Book Contemporary Issues in Supply Chain Management and Logistics

Download or read book Contemporary Issues in Supply Chain Management and Logistics written by Anthony M. Pagano and published by Business Expert Press. This book was released on 2017-04-26 with total page 143 pages. Available in PDF, EPUB and Kindle. Book excerpt: This book is a collection of chapters on issues we face today in the world of supply chain management. While there are a number of college textbooks related to specific areas within logistics and supply chain issues, there are very few general supply chain management “trends” books. Contemporary Issues in Supply Chain Management and Logistics consists of seven dynamic, current and informative chapters that cover a variety of cutting-edge supply chain topics of use to both graduate students, and professionals working in the field. The book contains new, original research papers written by academics from the fields of engineering, transportation, marketing, and supply chain management and logistics.

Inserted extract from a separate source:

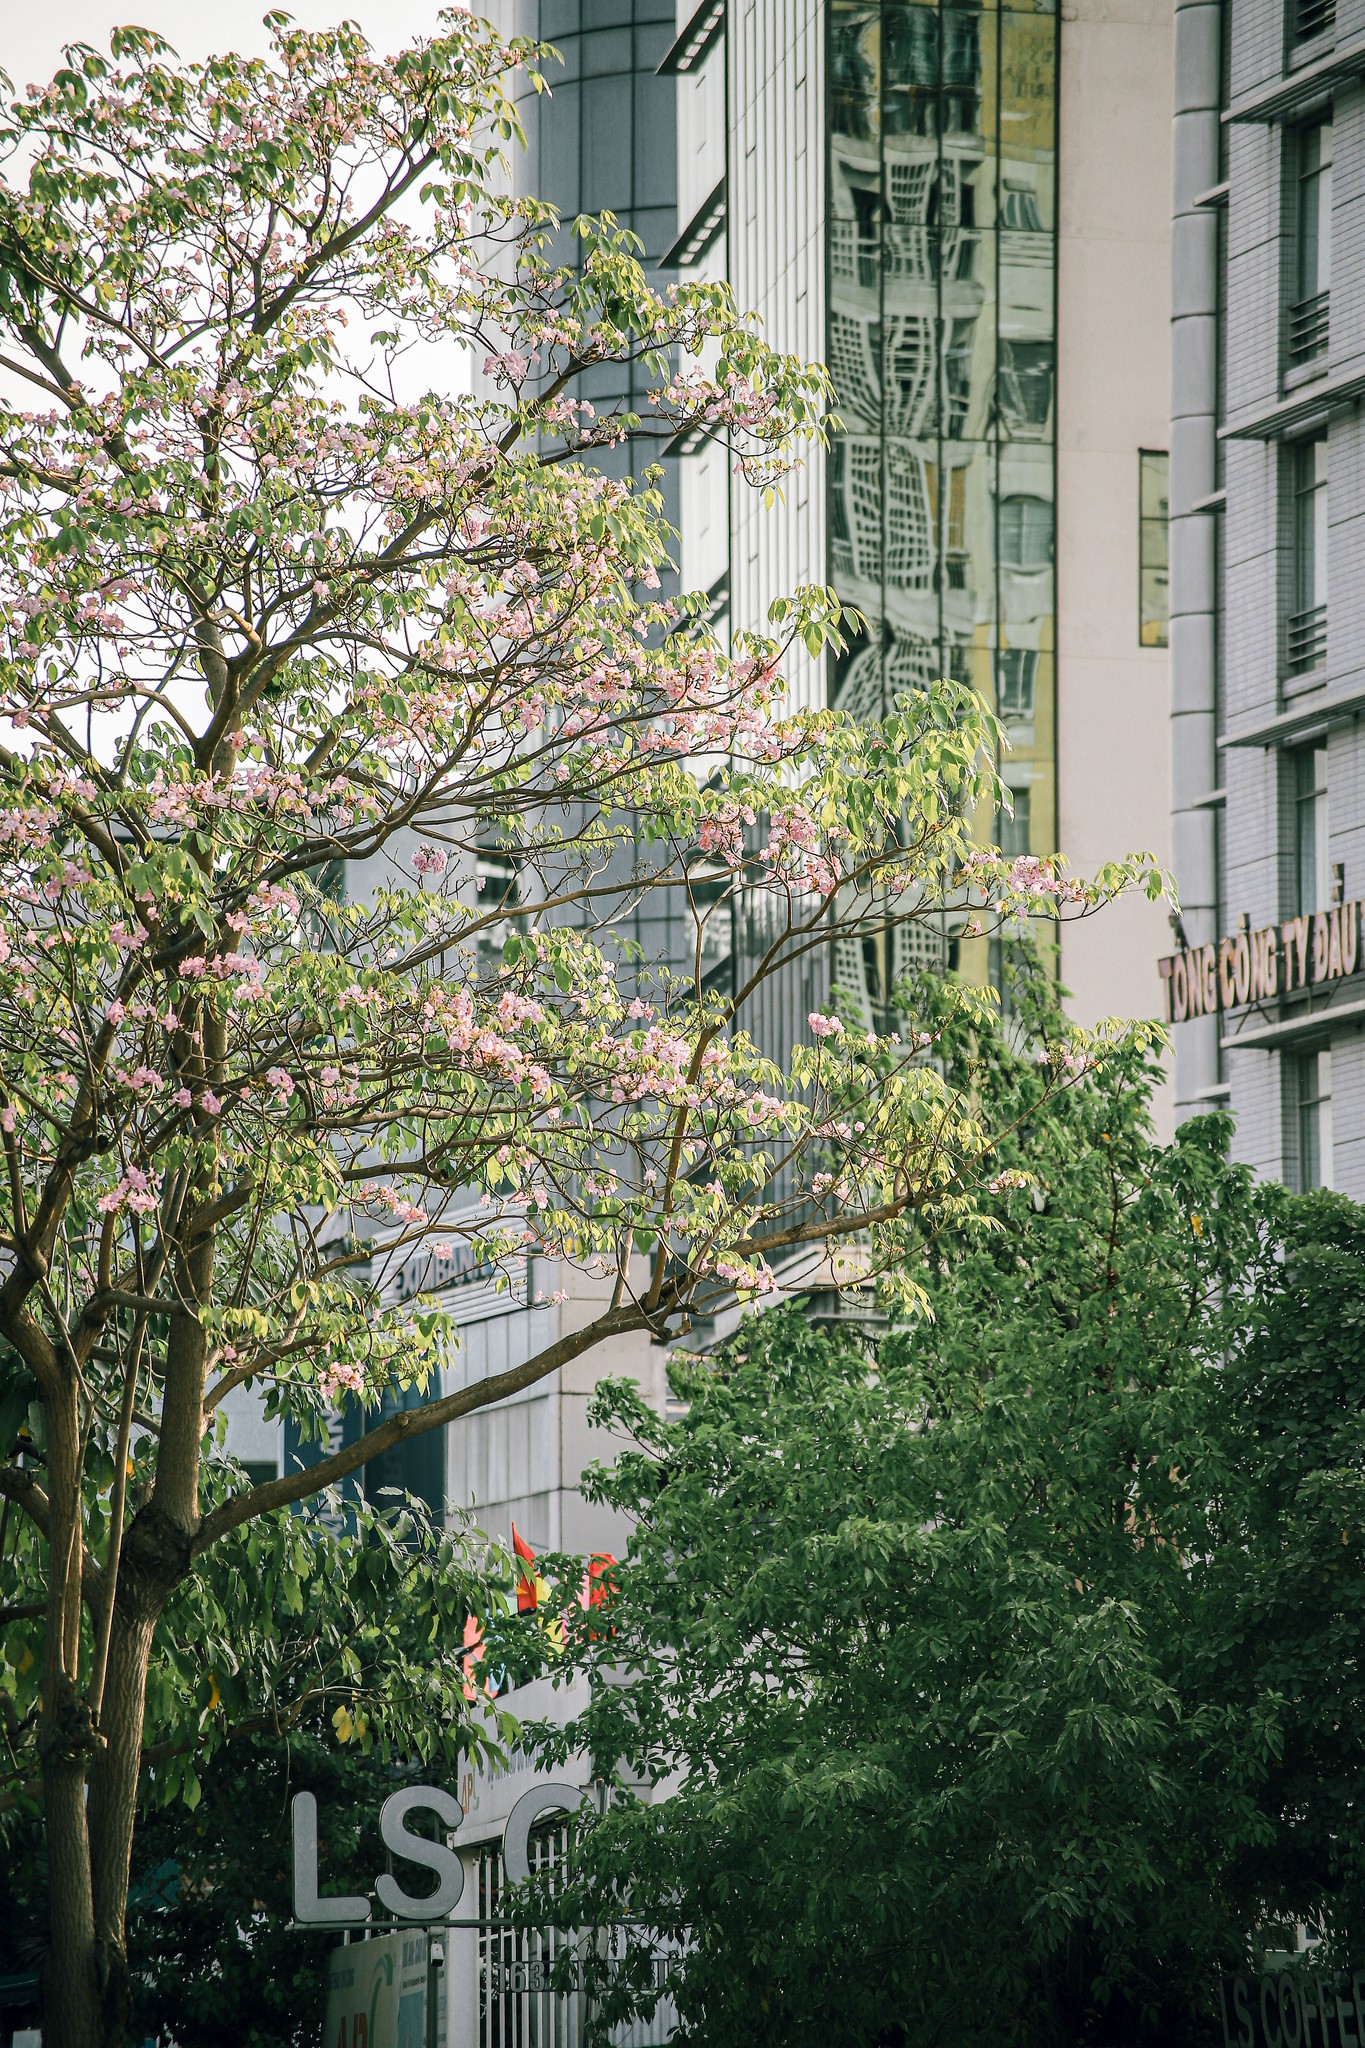 Mùa kèn hồng rợp trời Sài Gòn, chợt thấy thành phố mộng mơ biết bao giữa sắc hoa rực rỡ- Ảnh 6.

Book Habit Formation in a Discrete Choice Model of Recreation Demand

Download or read book Habit Formation in a Discrete Choice Model of Recreation Demand written by Wiktor L. Adamowicz and published by . This book was released on 1991 with total page 38 pages. Available in PDF, EPUB and Kindle. Book excerpt:

Book Advances in Theory and Practice in Store Brand Operations

Download or read book Advances in Theory and Practice in Store Brand Operations written by Jiazhen Huo and published by Springer Nature. This book was released on 2021-01-04 with total page 265 pages. Available in PDF, EPUB and Kindle. Book excerpt: This book is developed by focusing on the four issues: (1) product strategy of private brand; (2) pricing strategy of private brand; (3) channel strategy with private brand introduction; and (4) supply chain coordination with private brand introduction. Private brand (PB), also known as private label (PL) or store brand (SB), refers to a brand created and controlled by a retailer. In the 1960s and 1970s, private labels began to emerge in France and England. Although private label has grown rapidly worldwide, market share varies greatly from region to region. According to Nielsen's 2018 Global Private Label Report, the largest markets for private-label products are found primarily in the more mature European retail markets. In recent years, many large domestic retail enterprises have launched their own brand products. With the growth of e-commerce, some online retailers have also launched private-label goods. JD started to introduce its private brands in 2010, with annual sales of its private brand products reaching several hundred million yuan. However, at present, the market share of China's private label is only 1-3%, which still has a big gap compared with Europe and America.The main challenges to China's private label lie in private brand operations management. Among them, how to select the correct product categories, how to make pricing decision, how to restructure channels and how to coordinate supply chain after introducing private brands are four operations management problems need to be solved.

Book Handbook of Production Economics

Download or read book Handbook of Production Economics written by Subhash C. Ray and published by Springer Nature. This book was released on 2022-06-02 with total page 1797 pages. Available in PDF, EPUB and Kindle. Book excerpt: This three-volume handbook includes state-of-the-art surveys in different areas of neoclassical production economics. Volumes 1 and 2 cover theoretical and methodological issues only. Volume 3 includes surveys of empirical applications in different areas like manufacturing, agriculture, banking, energy and environment, and so forth.